Também em março, a SBPC divulgou um manifesto assinado por 11 ex-ministros de Ciência, Tecnologia e Inovações, entre eles José Goldemberg, Aloizio Mercadante, Marco Antonio Raupp e Aldo Rebelo, que ocuparam o cargo em diferentes momentos, entre 1991 e 2016, chamando a atenção para a necessidade de garantir recursos para a CT&I no Brasil em um momento de crise sanitária. “Sem ciência não há inovação. Sem inovação não há desenvolvimento”, dizia o texto. “O conhecimento científico e a educação devem ser colocados no centro das questões nacionais e revalorizados como alavancas para o crescimento econômico, reindustrialização e redução da pobreza.”

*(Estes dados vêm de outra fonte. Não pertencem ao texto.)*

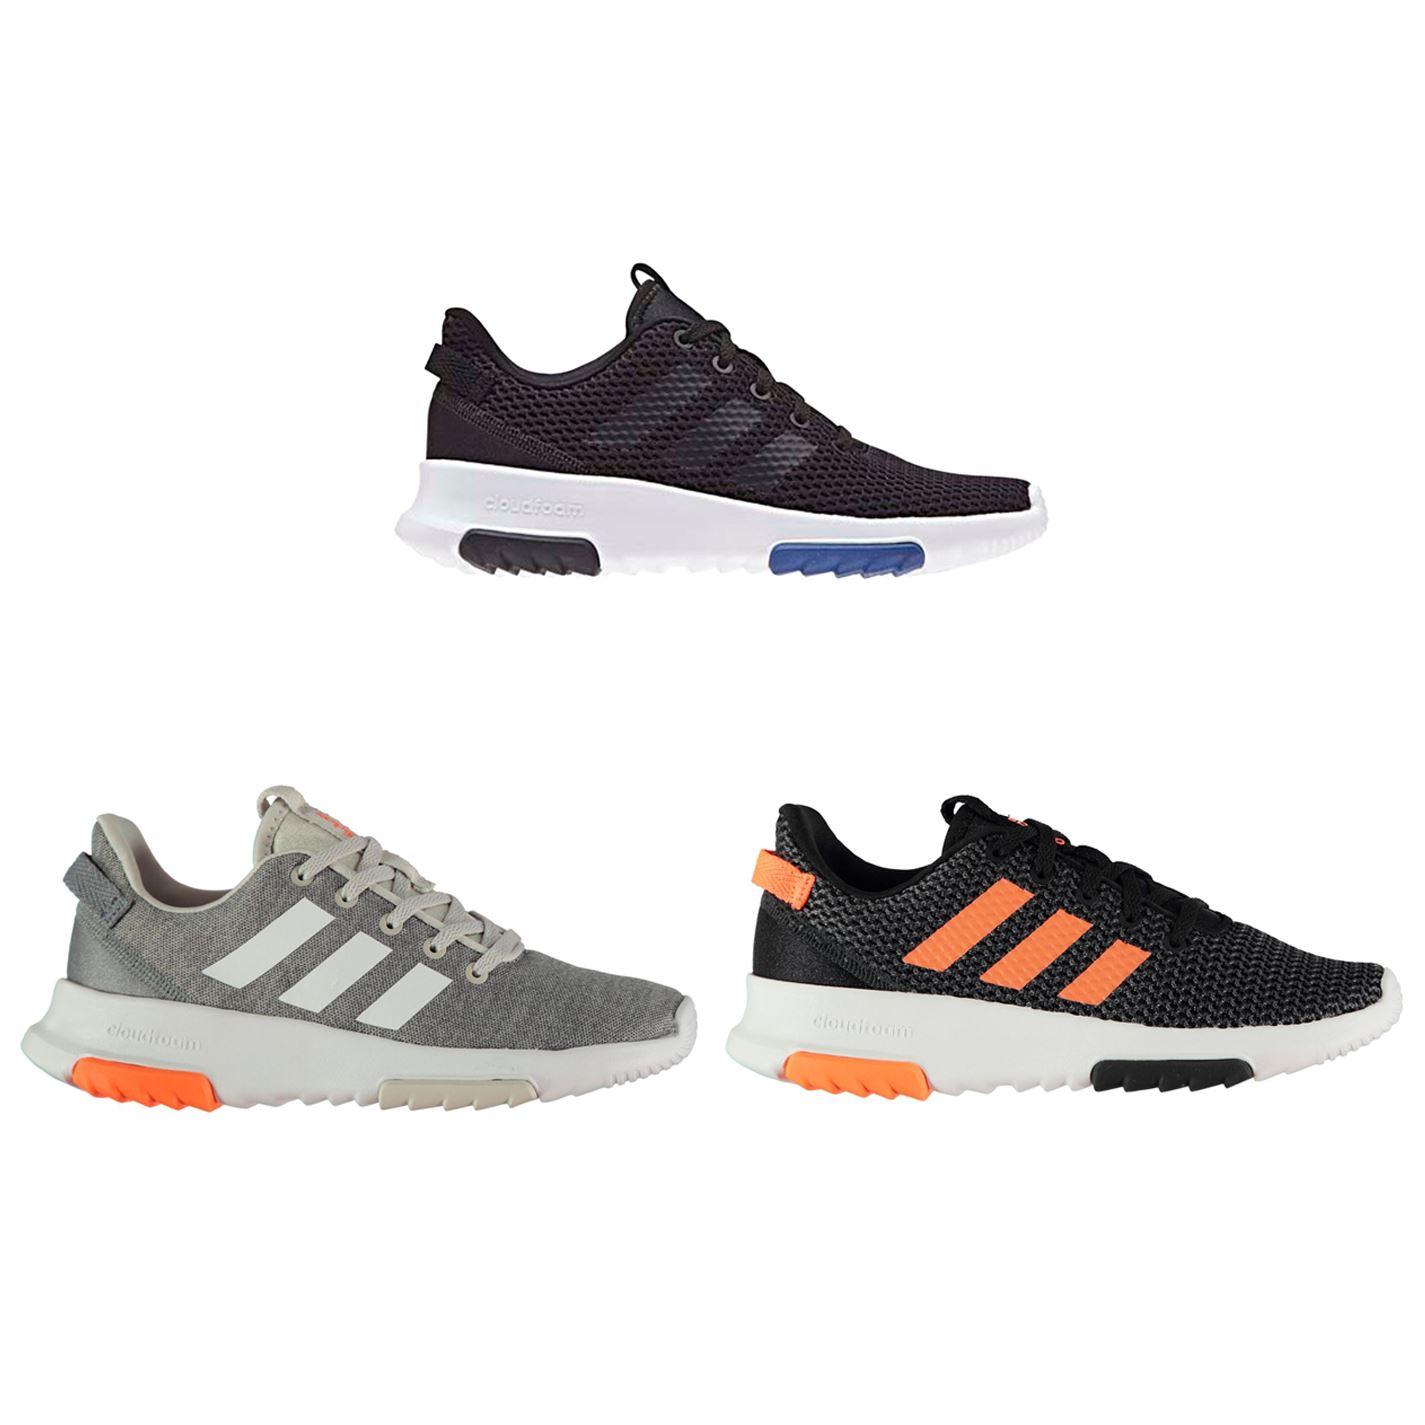 half off 2bca6 f1f6f ... Adidas CloudFoam Racer TR bambino ragazzi formatori scarpe calzature ...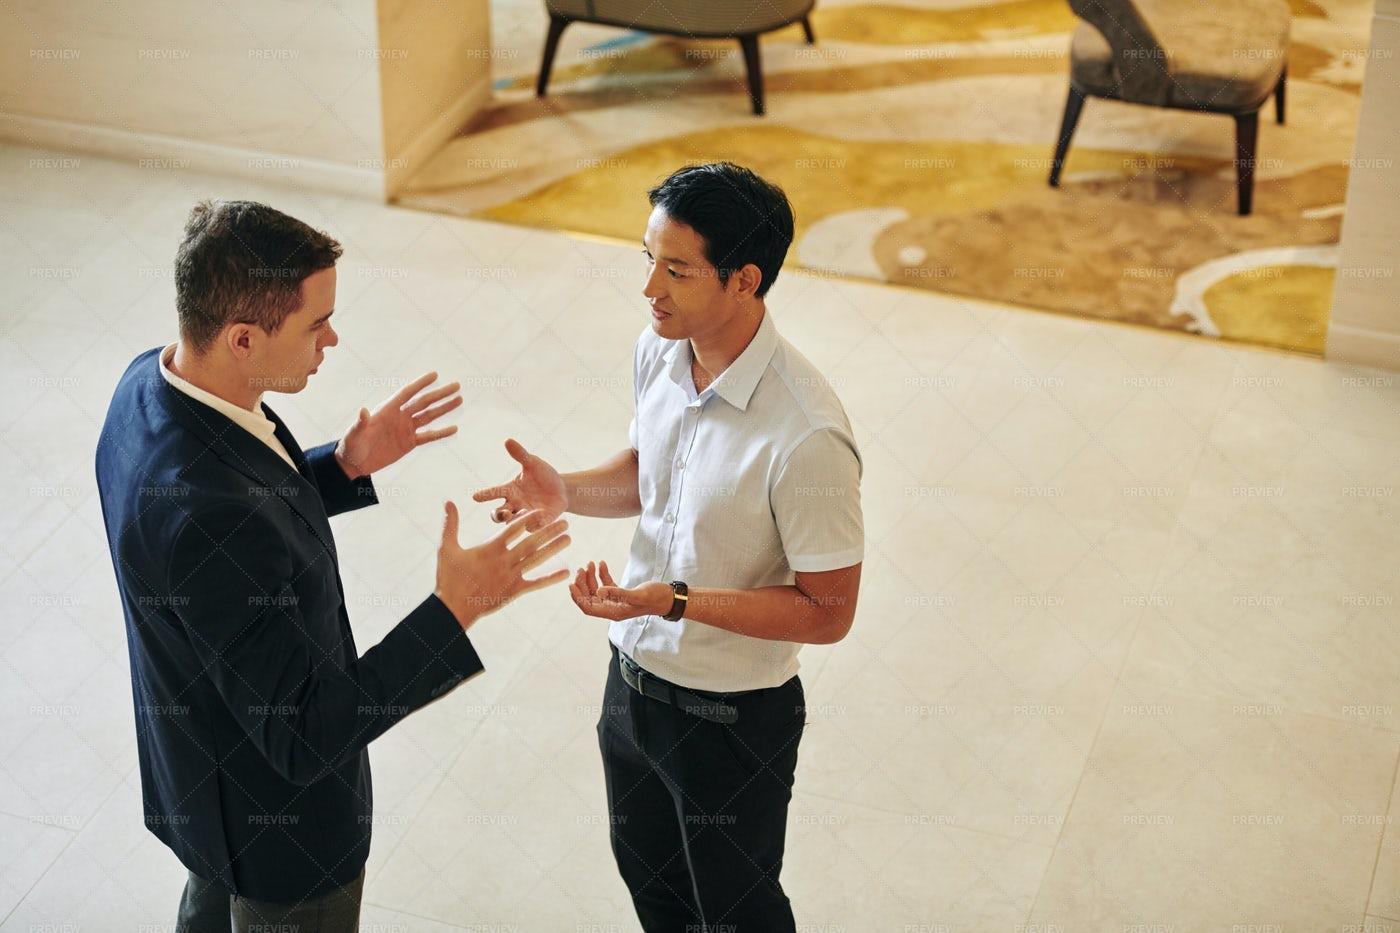 Talking Gesturing Business People: Stock Photos

Na avaliação de Fernando Peregrino, presidente do Conselho Nacional das Fundações de Apoio às Instituições de Ensino Superior e de Pesquisa Científica e Tecnológica (Confies), as circunstâncias atuais evidenciaram a importância da manutenção de recursos governamentais para projetos estratégicos e foram fundamentais para convencer os parlamentares a derrubarem o veto. “O agravamento da pandemia no país reforçou o papel estratégico da CT&I na resolução de problemas de saúde e ajudou a sensibilizar os parlamentares sobre a importância do FNDCT, contendo a fuga de alguns votos e ajudando a angariar outros.”
Um ponto importante da articulação em prol do FNDCT envolveu a capacidade das entidades representativas do setor acadêmico e industrial de dialogar com parlamentares de todas as correntes ideológicas. “Abraçamos todos, com um diálogo muito racional e construtivo. As perspectivas para o Brasil, com isso, tendem a melhorar, sobretudo no que se refere ao combate à pandemia”, avalia Peregrino. A expectativa é que parte dos recursos seja liberada para financiar o desenvolvimento de vacinas brasileiras.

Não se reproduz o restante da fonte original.